What the exercise asks: When copying the data below, keep only the lines from the one with "Neue Justiz (NJ), Zeitschrift" through the one with "丝绸 背景 飘带 红绸 丝绸飘带 绸子 红布 红绸背景 布纹背景 珠宝服饰 生活百科", word for word, and skip the pictures.
------ Records to use
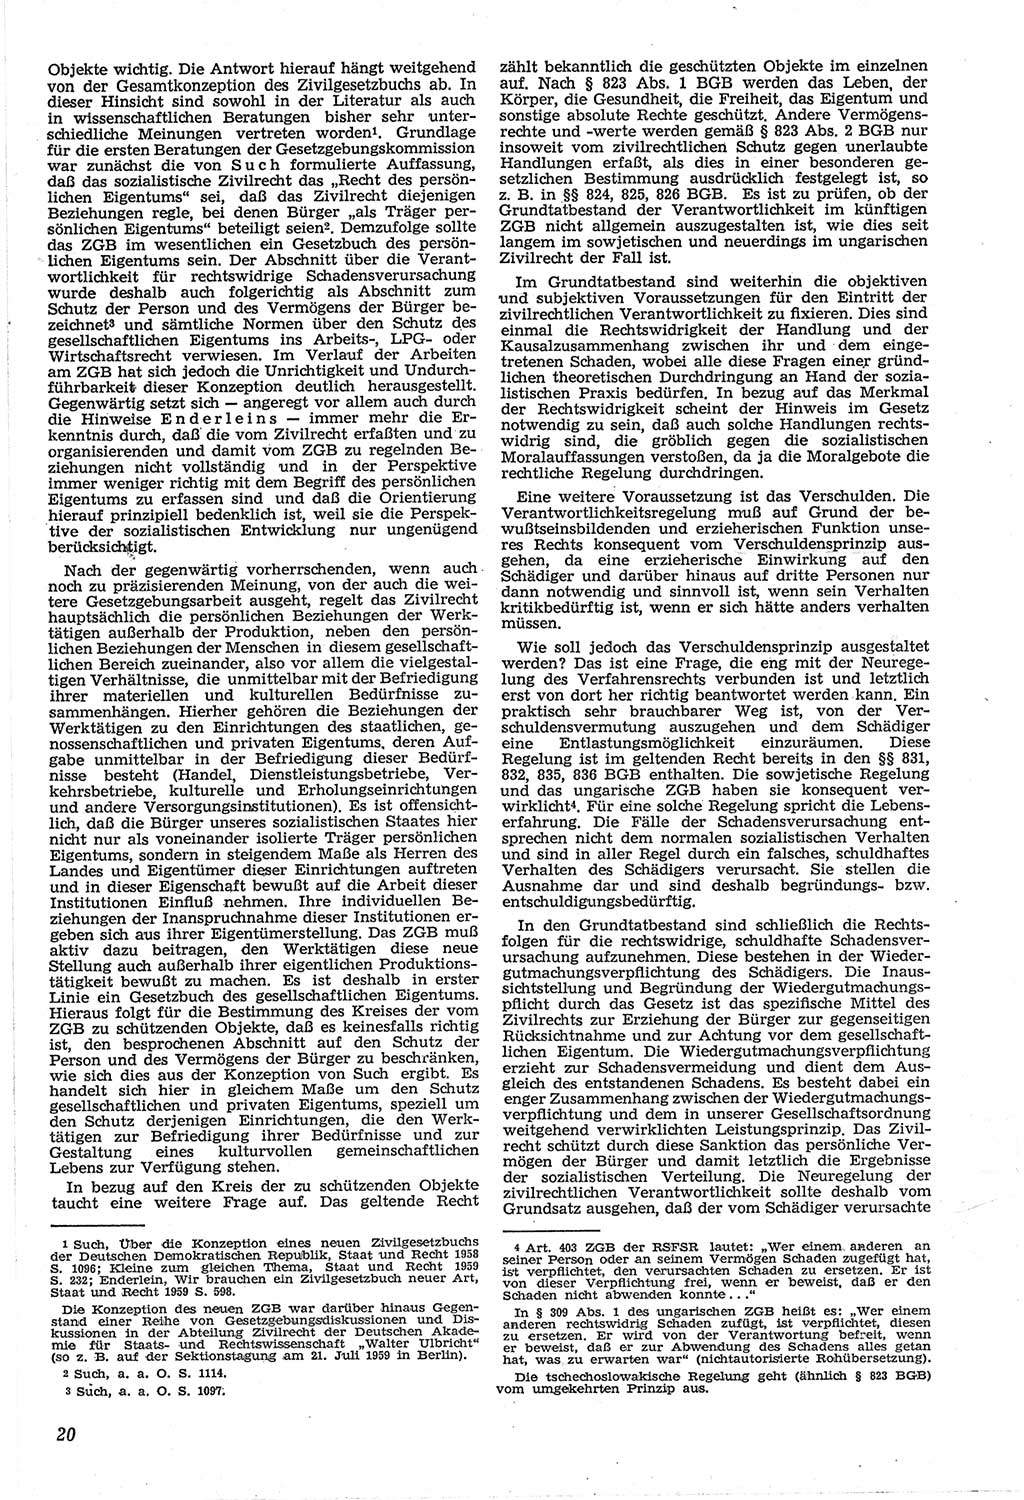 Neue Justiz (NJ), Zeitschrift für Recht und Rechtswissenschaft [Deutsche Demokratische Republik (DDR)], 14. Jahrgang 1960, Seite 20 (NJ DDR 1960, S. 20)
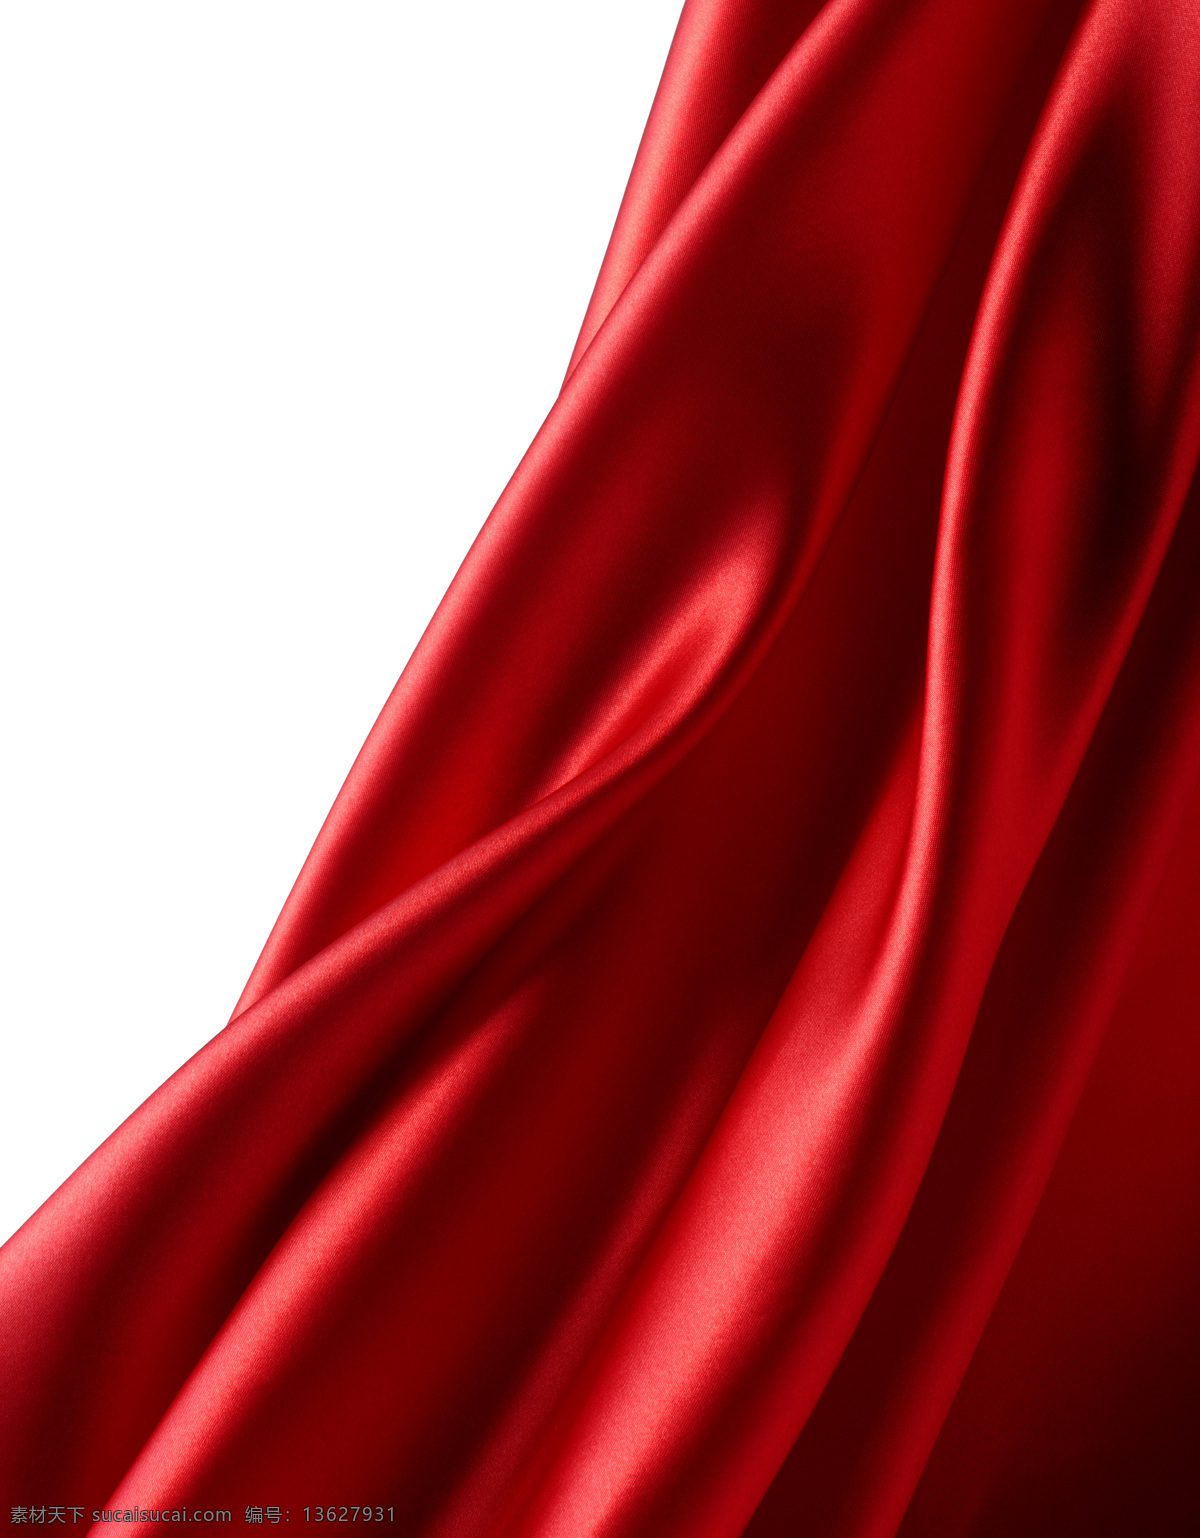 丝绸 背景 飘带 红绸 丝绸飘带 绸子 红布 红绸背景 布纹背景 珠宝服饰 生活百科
------------
------ Records to use
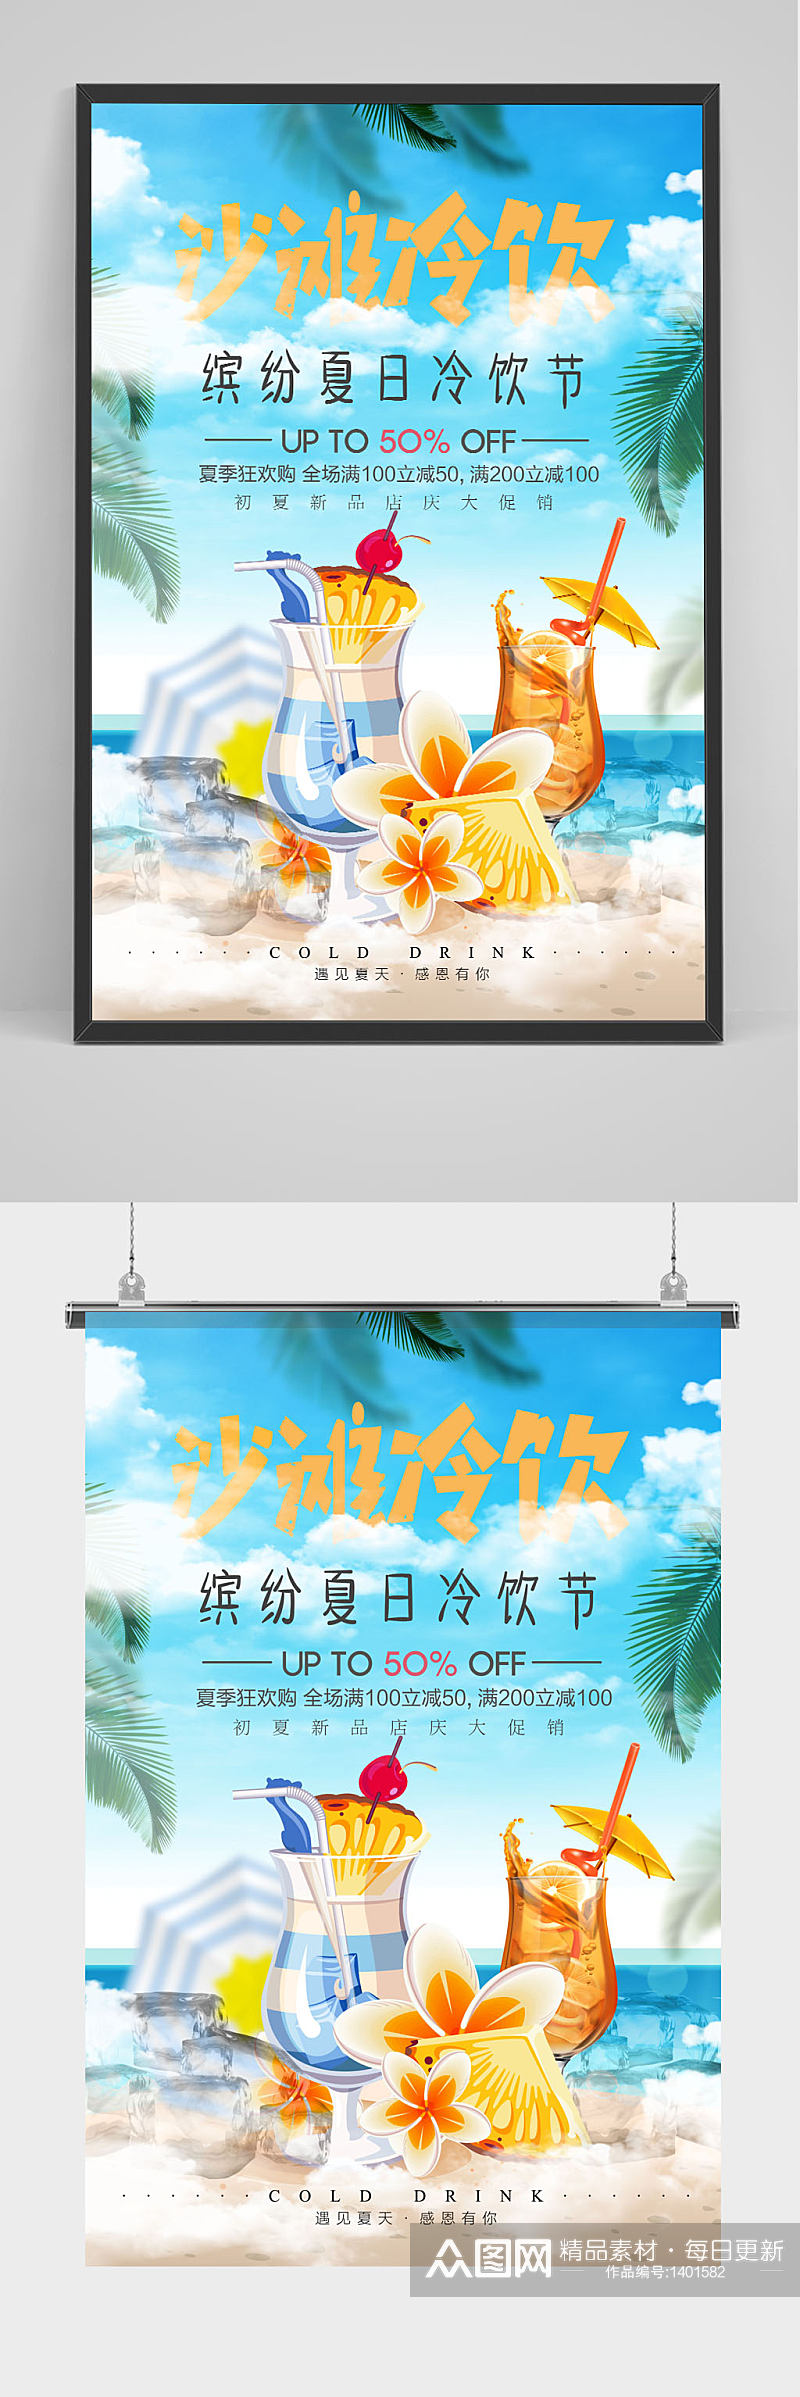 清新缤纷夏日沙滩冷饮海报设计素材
------------
------ Records to use
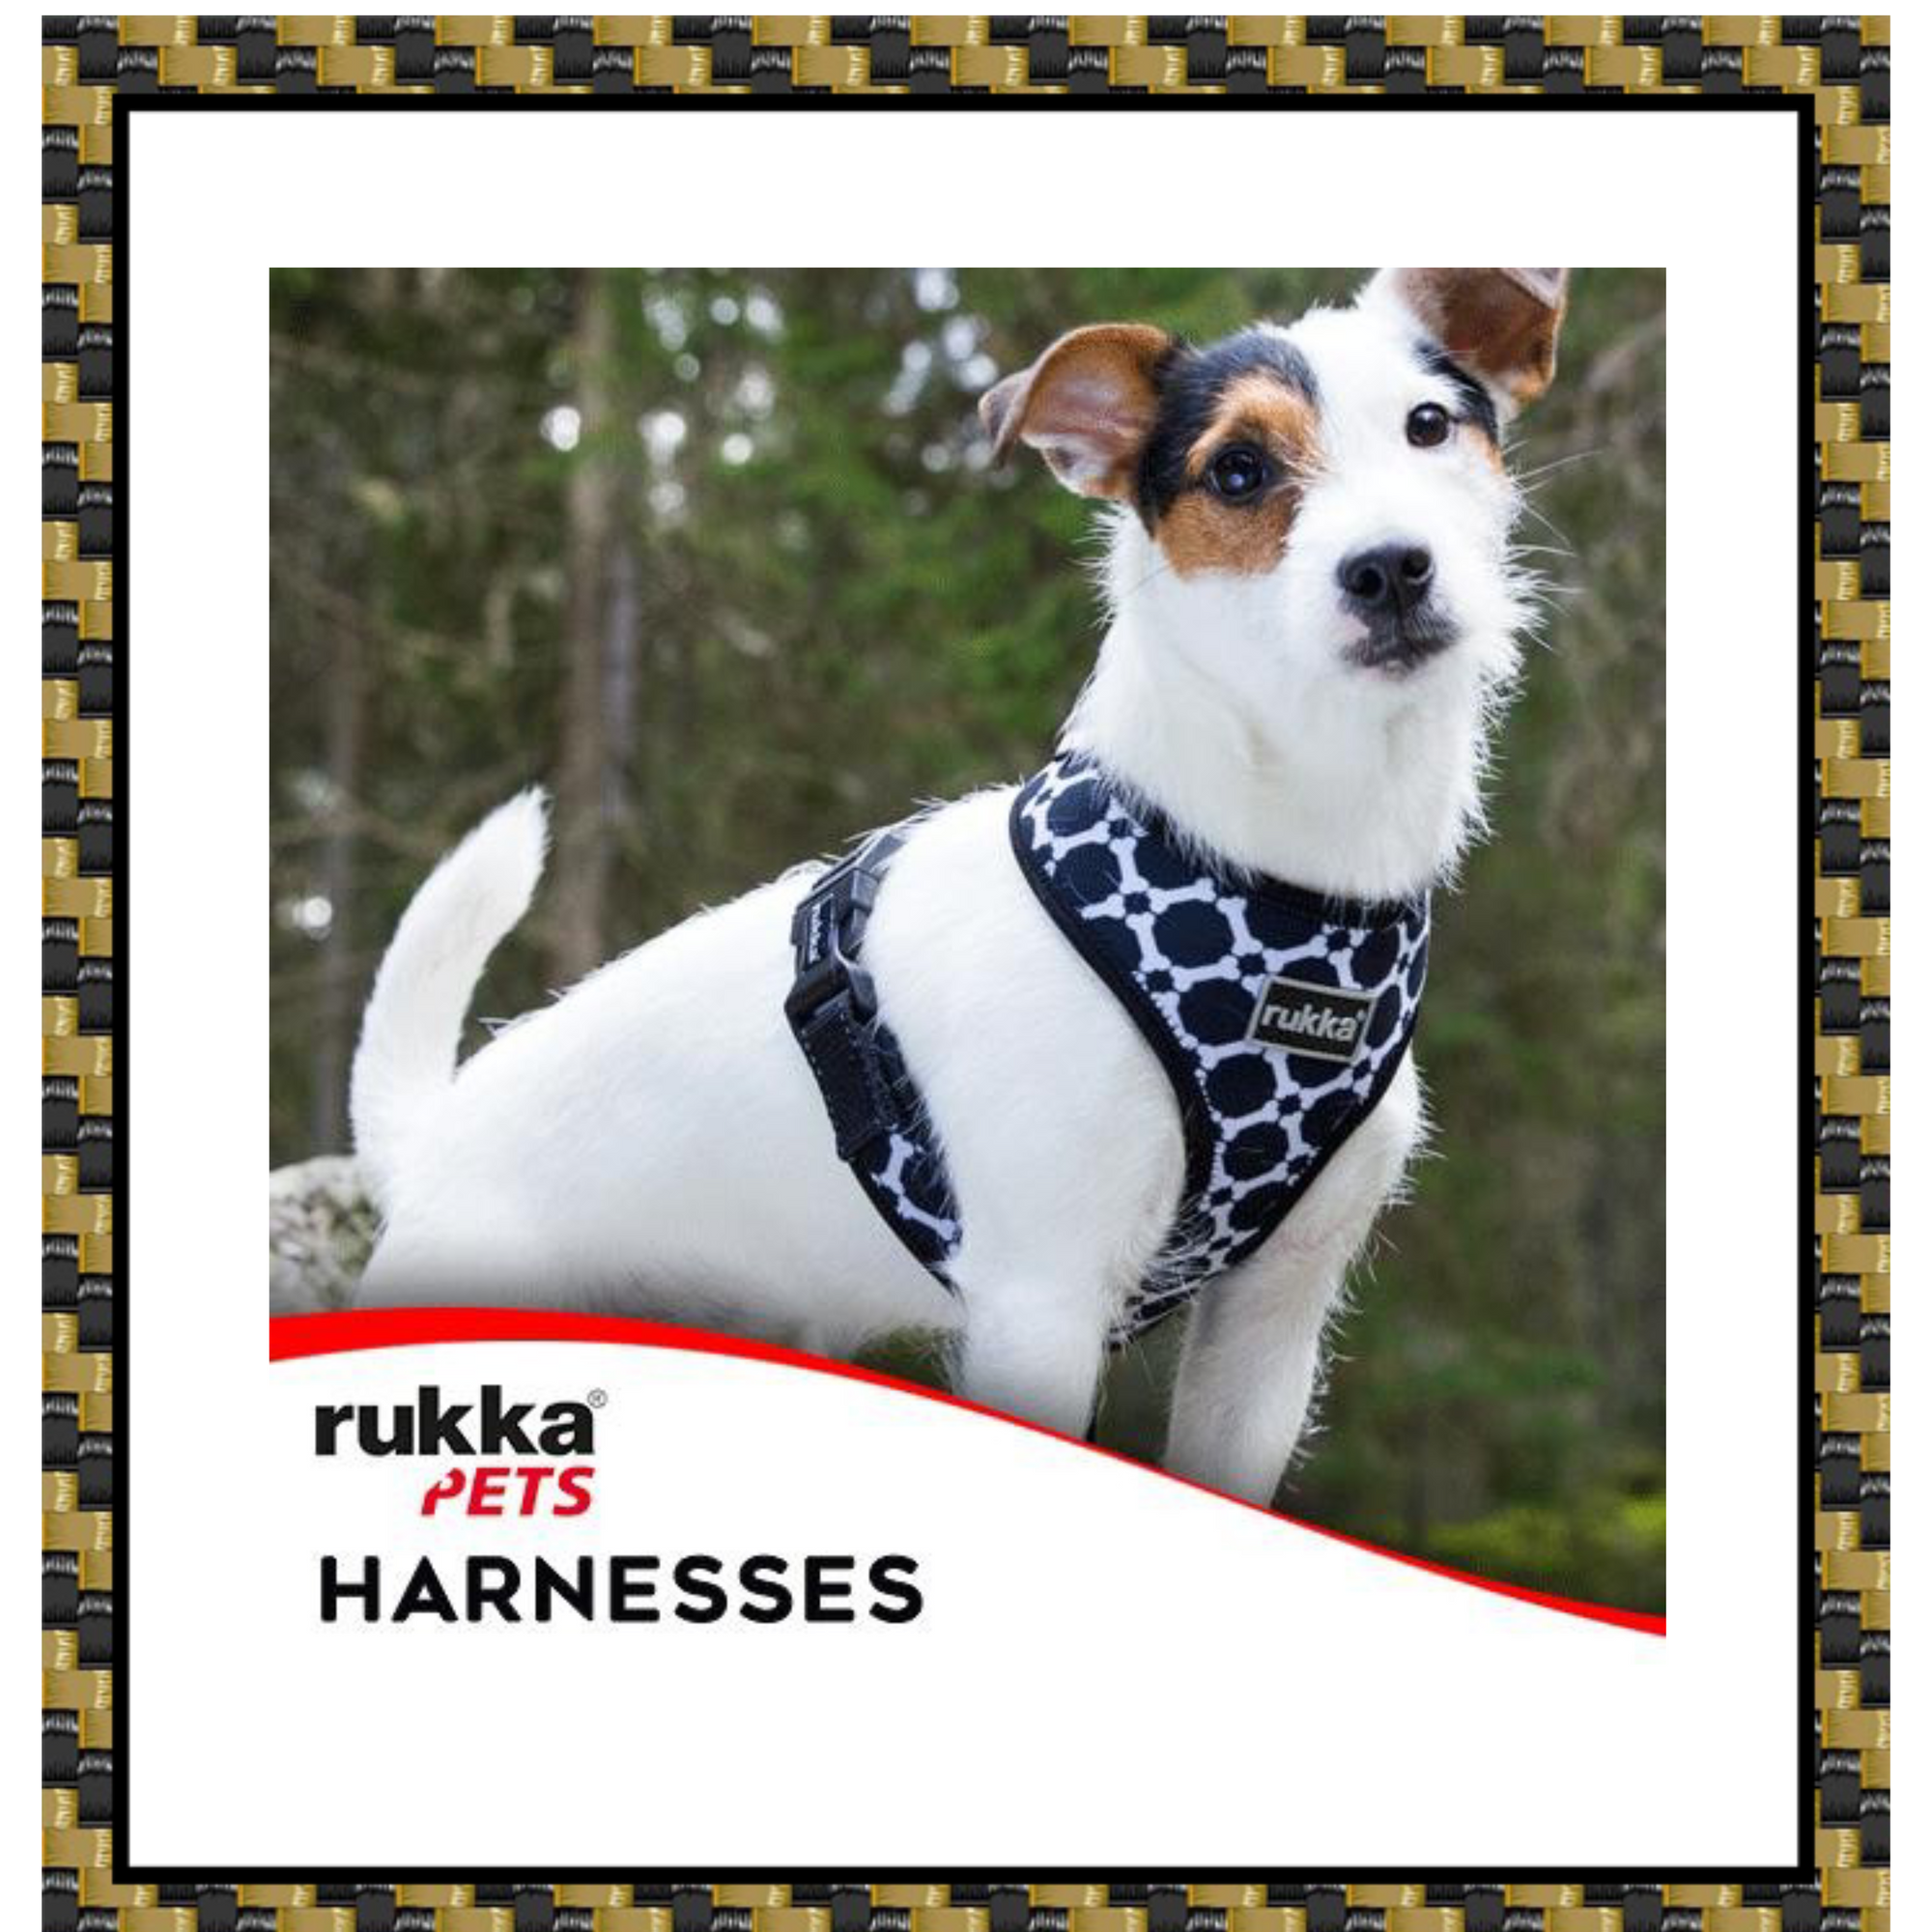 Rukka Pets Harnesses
------------
Written response:
 Neue Justiz (NJ), Zeitschrift für Recht und Rechtswissenschaft [Deutsche Demokratische Republik (DDR)], 14. Jahrgang 1960, Seite 20 (NJ DDR 1960, S. 20)
 丝绸 背景 飘带 红绸 丝绸飘带 绸子 红布 红绸背景 布纹背景 珠宝服饰 生活百科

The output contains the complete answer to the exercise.